I design evaluation systems that expose where LLMs fail on real coding tasks — multi-model pipelines, adversarial task design, and deterministic grading to reliably separate real capability from illusion.
These tasks are structured as self-contained environments with automated grading — similar to RL-style evaluation environments used in frontier model training.
def is_valid_token(token):
return token.startswith("auth_") and len(token) > 10
Prompt: “Is this authentication logic secure?”
Expected: Reject — predictable token structure, no entropy.
Result: Neutral/knowledge framing → model approves logic.
Audit framing → model flags vulnerability.
Failure Mode: Model evaluates surface pattern, not security properties.
Prompt framing determines reasoning path.
Task: Validate input parsing logic.
Expected: Identify crash on empty input ("").
Result: Model validates parsing logic correctly for typical inputs.
Fails to identify crash condition on empty string ("") —
reports code as “clean” despite exploitable edge case.
Failure Mode: Superficial correctness without robustness.

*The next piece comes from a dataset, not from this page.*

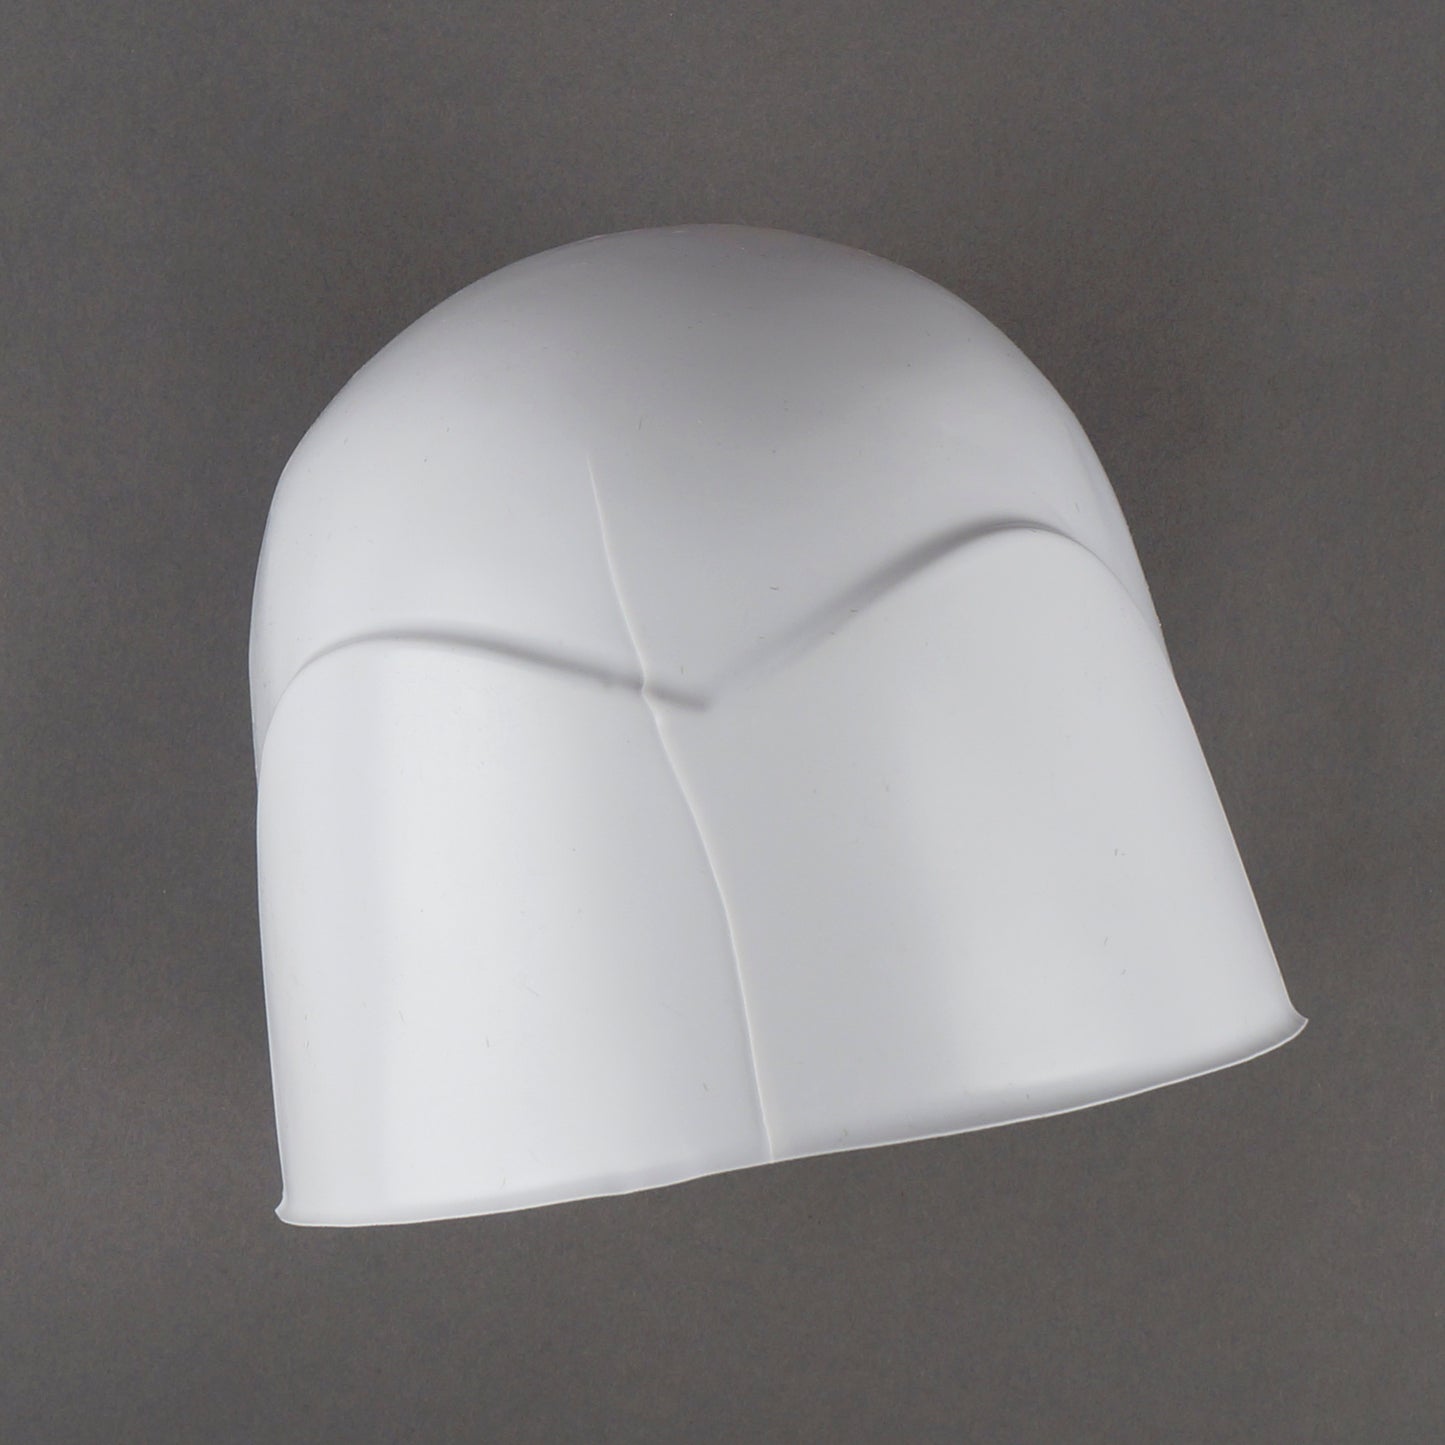 Imperfect Skull Cap for Headdress - White

Model evaluates the happy path, not the failure surface.
Task: Multi-file vulnerability detection across a production codebase.

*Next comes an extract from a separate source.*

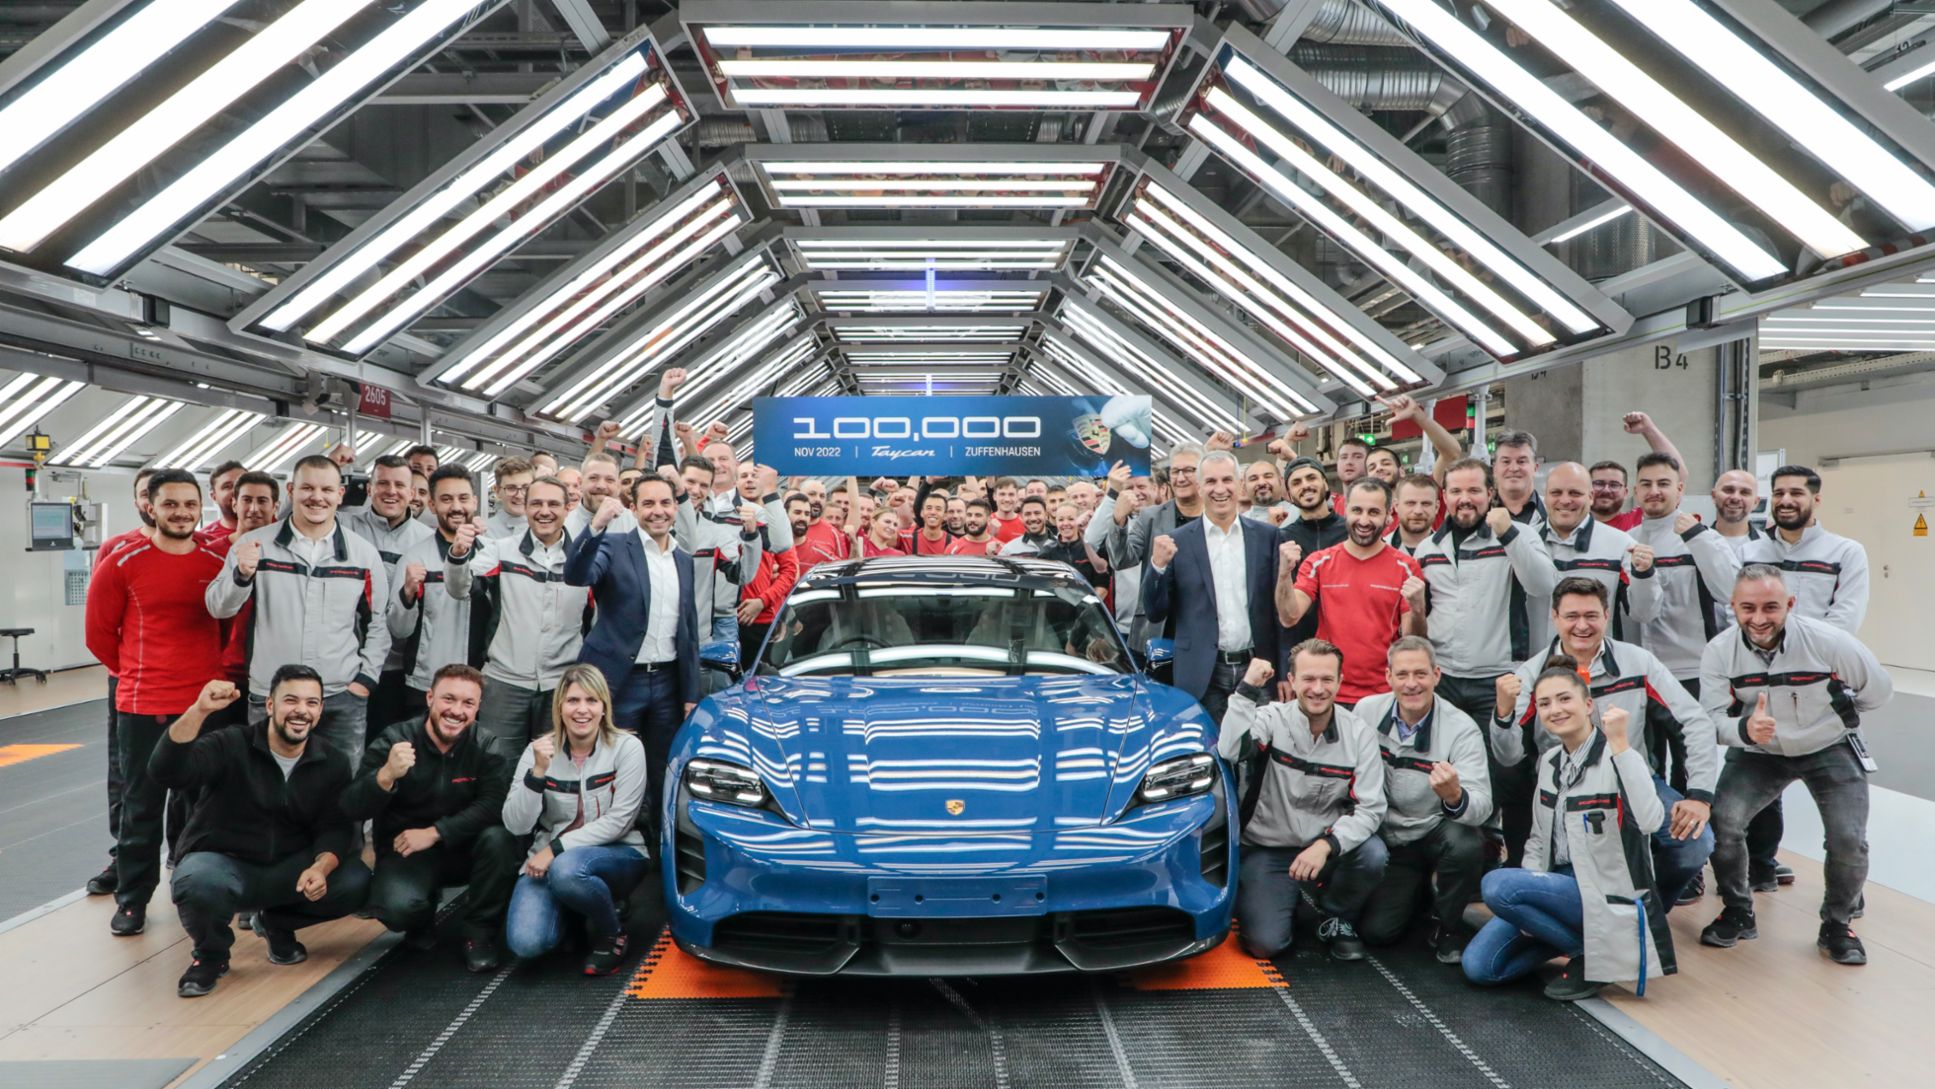 Taycan Nr. 100.000, Albrecht Reimold, Mitglied des Vorstandes, Produktion und Logistik, Mannschaft der Taycan Produktion, 2022, Porsche AG

Expected: All critical issues identified.
Result: 4 models evaluated the same code. 1 model identified a critical
issue. 3 models missed it entirely.
Failure Mode: Detection depends on model-specific reasoning path.

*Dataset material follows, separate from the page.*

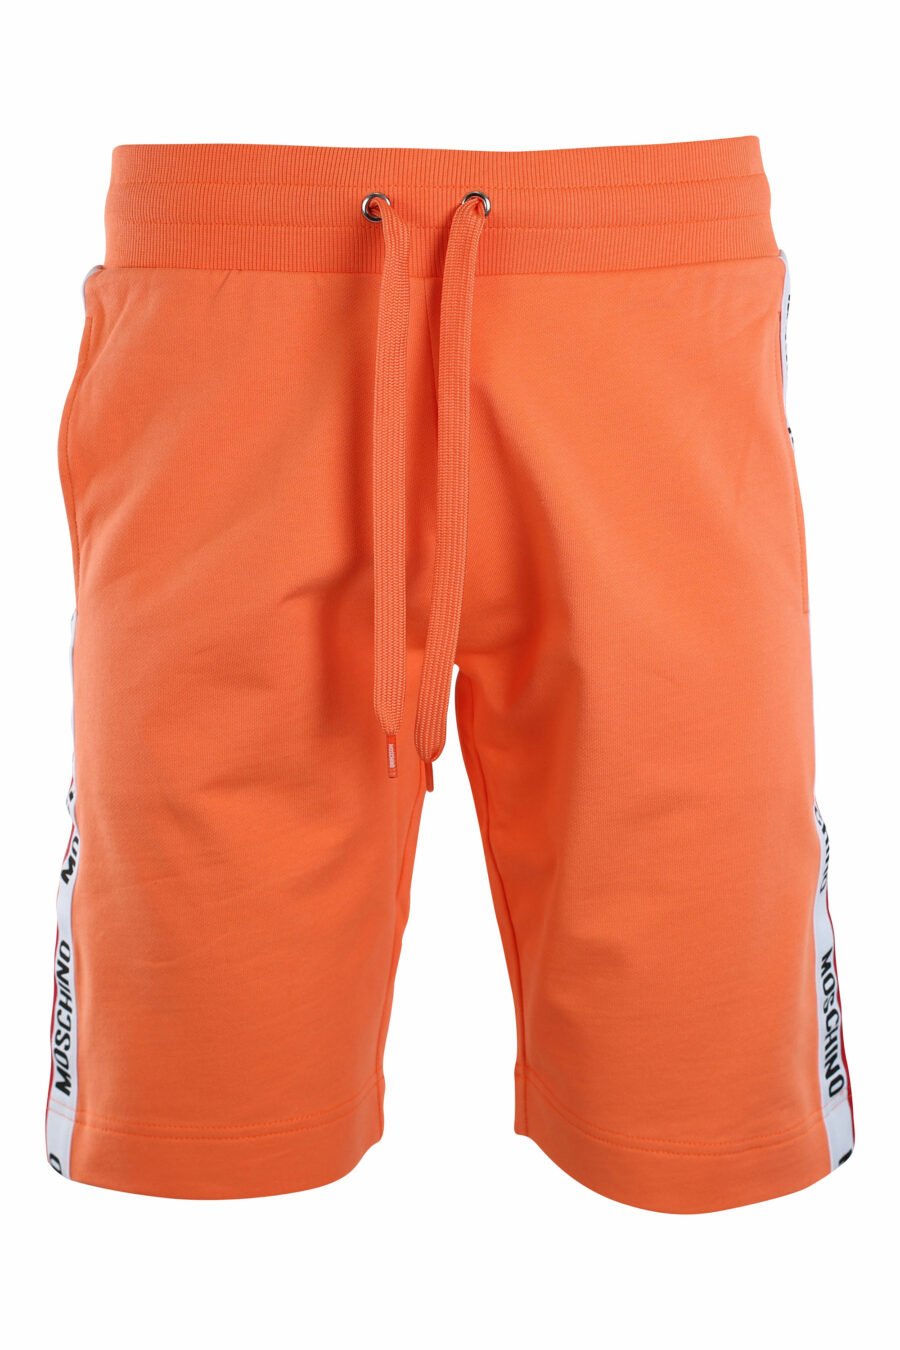 Pantalón de chándal corto naranja con logo en banda laterales - IMG 2209

~25% of critical findings in our dataset were found by only one model.
Single-model evaluation is fundamentally incomplete.
When asked to evaluate its own certainty, the model is most confident dismissing findings on clean files and most uncertain on files with real bugs. The confidence gradient itself is a classification signal — but inverted from what an automated gate would need.
The same model (GPT-4o), given the same file, produces opposite conclusions depending on whether the prompt uses knowledge-retrieval framing vs code-audit framing. The prompt structure activates fundamentally different reasoning pathways.
Adding authority assertions (“already audited by senior engineers”) causes the model to agree code is perfect — on both clean and dirty files equally. Introducing doubt produces different hedging patterns: hedged findings on dirty files vs hedged ignorance on clean files.
In multi-model audits across production codebases, roughly one quarter of critical findings were detected by a single model in the ensemble. Any single-model approach would systematically miss these findings. This is the empirical case for multi-model consensus.
H(F) = P(F) × (1 - I(F))
| Metric | Multi-Model Pipeline | PR Review Tool |
|---|---|---|
| Verified findings | 59 | 25 |
| Critical bugs identified | 9 | 1 |
| 6,000+ line file coverage | 20 findings, 3 CRITs | N/A |
| BugsInPy known bugs detected | 80% (4/5) | ~60% |
| CRIT+HIGH false positive rate | ~8% | ~12% |
| Review time (8 files) | ~9 min | ~15 min |
This comparison illustrates the difference between two complementary approaches. PR review tools excel at workflow integration, noise reduction, and continuous developer feedback. Deep audit pipelines sacrifice speed and polish for maximum vulnerability depth. Neither replaces the other.
Standard inputs pass. Empty strings, malformed data, and boundary values expose whether the model reasoned about the code or pattern-matched the structure.
If the same model produces opposite conclusions on the same code under different prompt framing, the reasoning is prompt-dependent, not evidence-dependent.
Multi-model consensus separates real findings from model-specific artifacts. ~25% of critical findings in our dataset were detected by only one model.
Not every failure is a model limitation. Some failures are evaluation design failures — the task didn't test what we thought it tested. Separating these is the hardest part.